### Work to be completed
Exclude the pictures. Transcribe exactly, and only, the lines from the one holding "Radiant Show Whitening Compact powder" to the end of the material below.

----- Data below -----

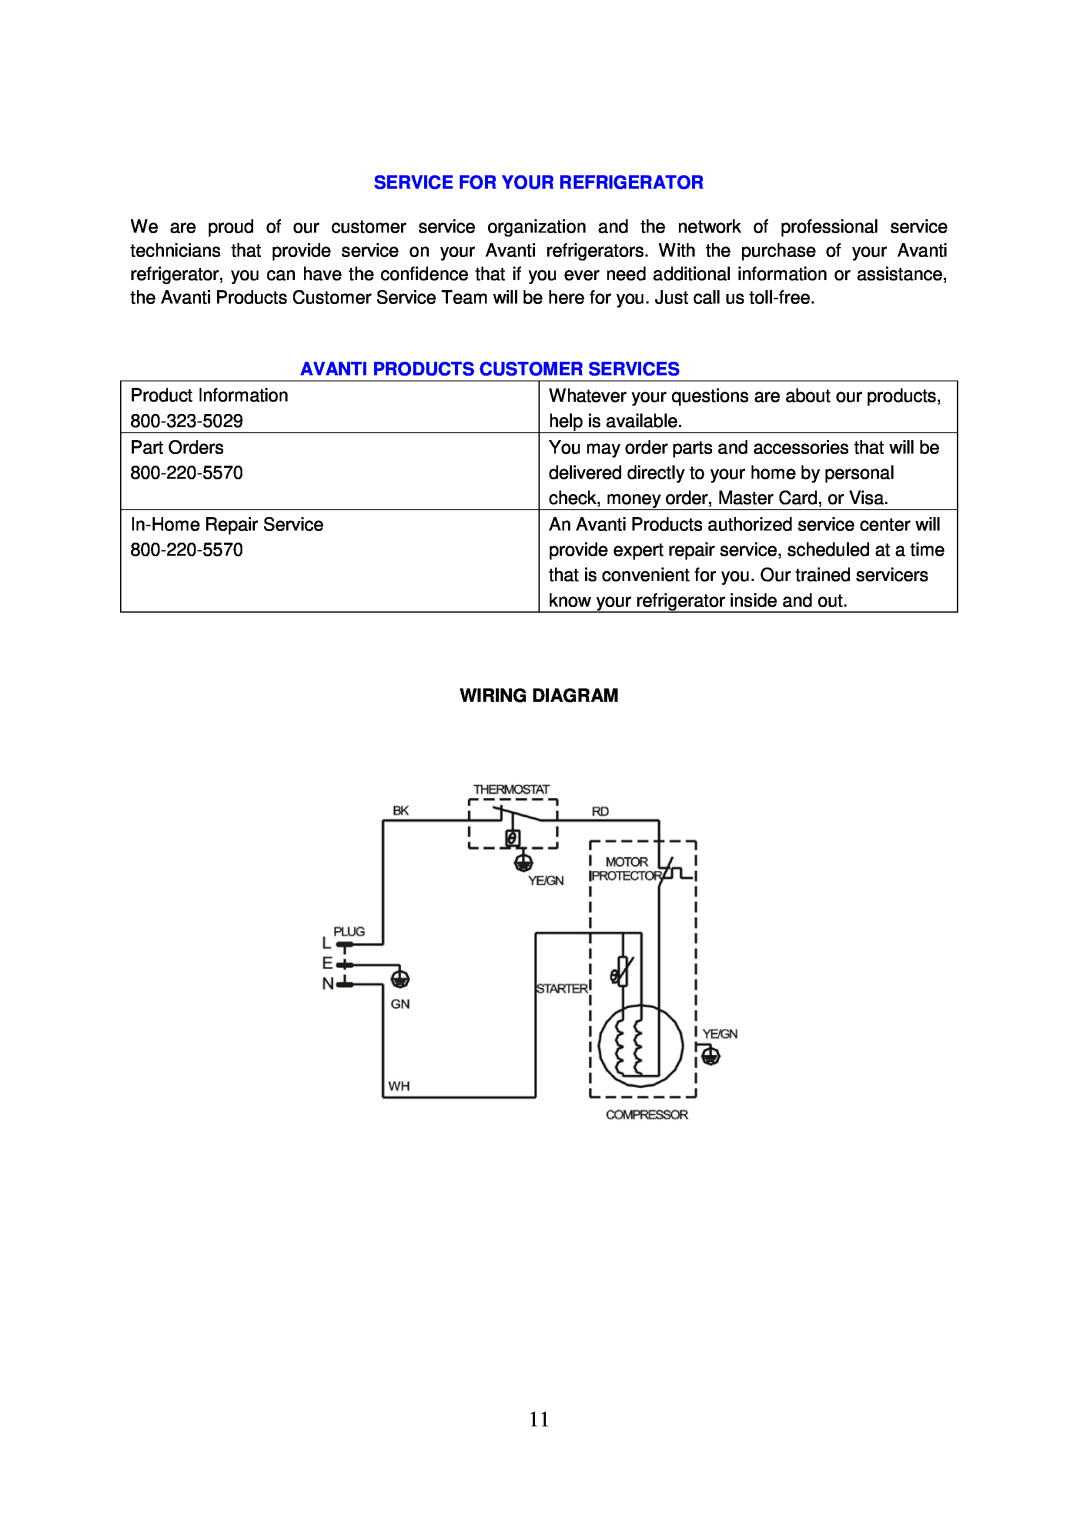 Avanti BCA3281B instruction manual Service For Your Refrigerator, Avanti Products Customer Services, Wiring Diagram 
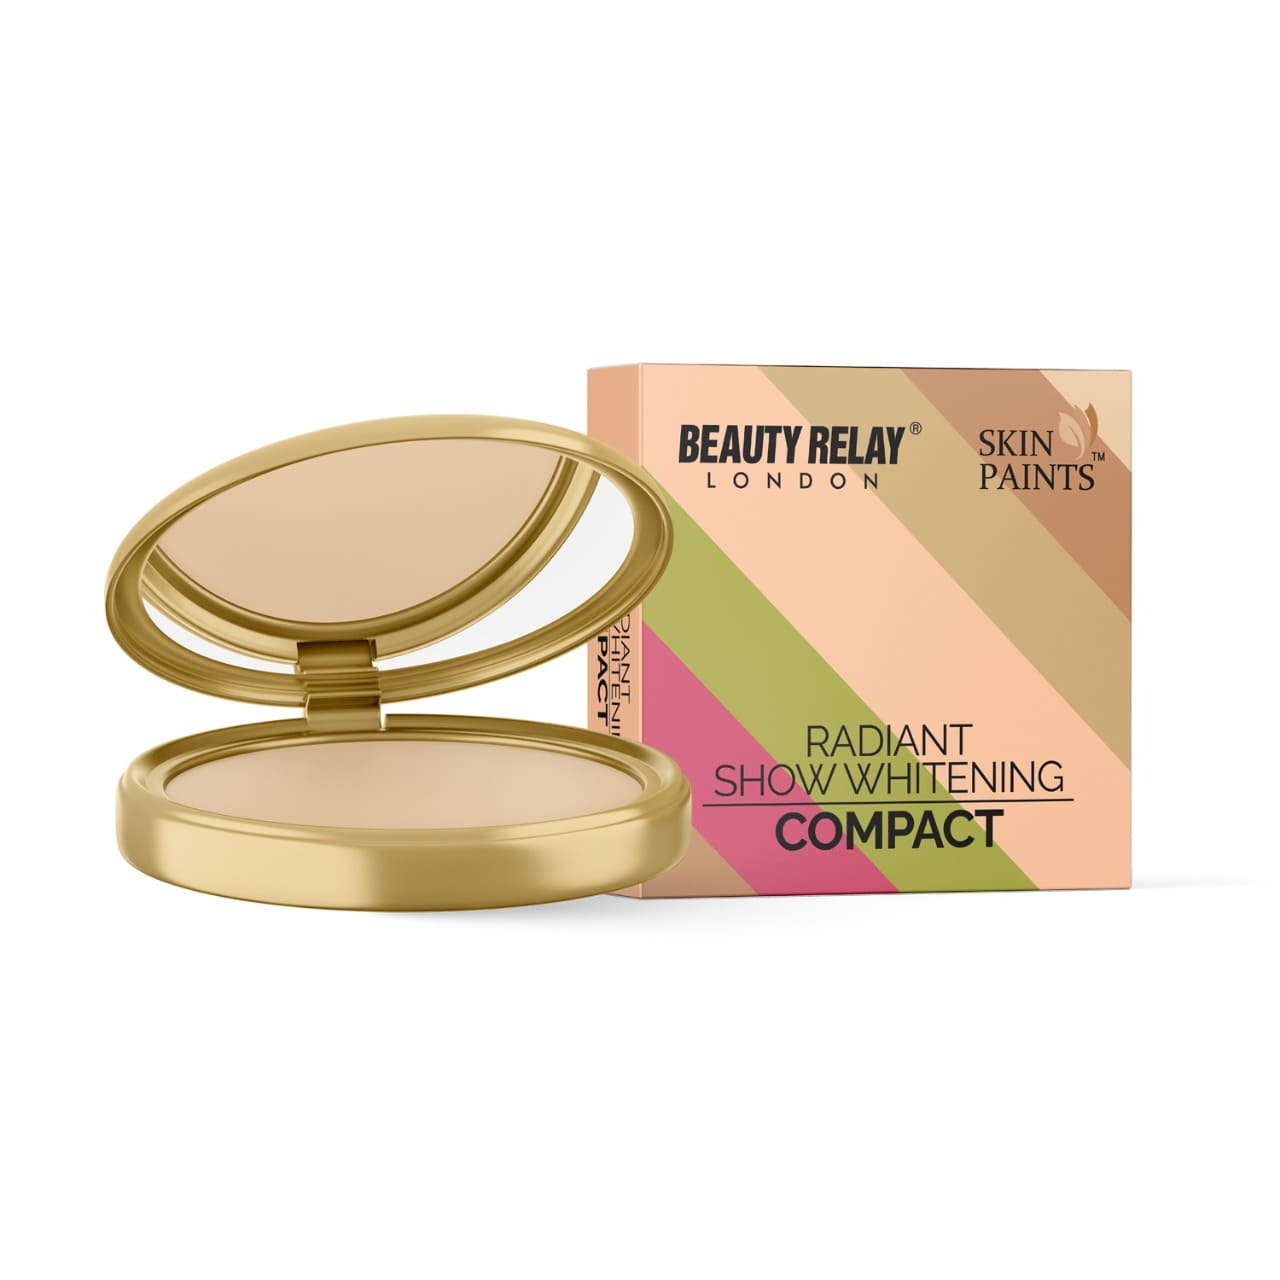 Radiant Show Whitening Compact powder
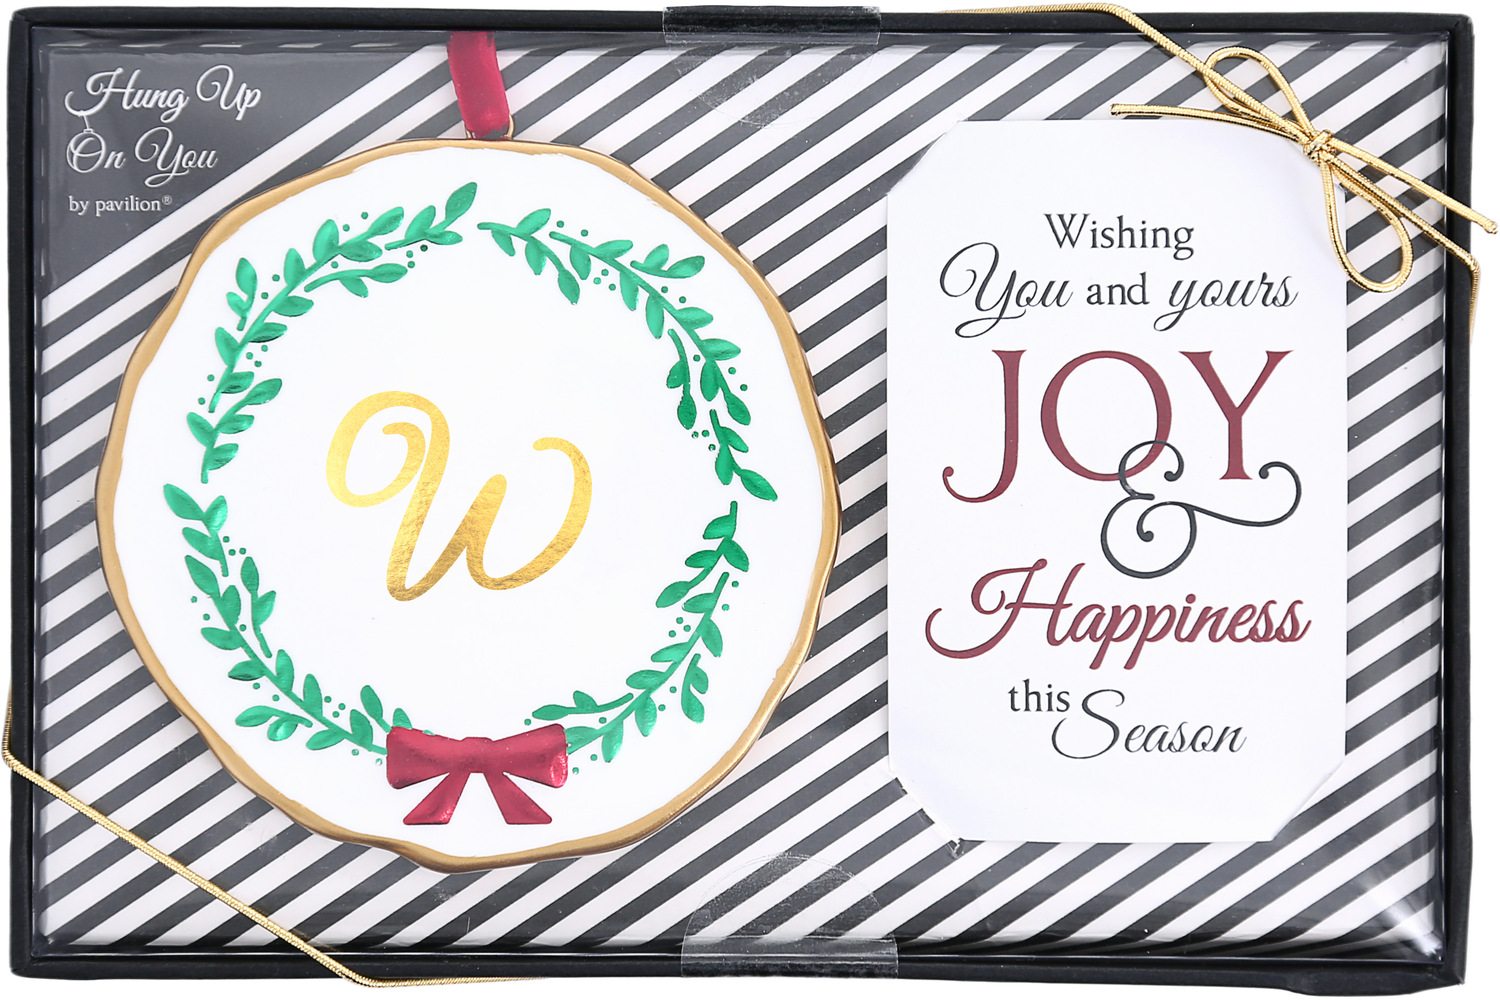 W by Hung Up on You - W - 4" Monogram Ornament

-----

### Response box
 Radiant Show Whitening Compact powder
 W by Hung Up on You - W - 4" Monogram Ornament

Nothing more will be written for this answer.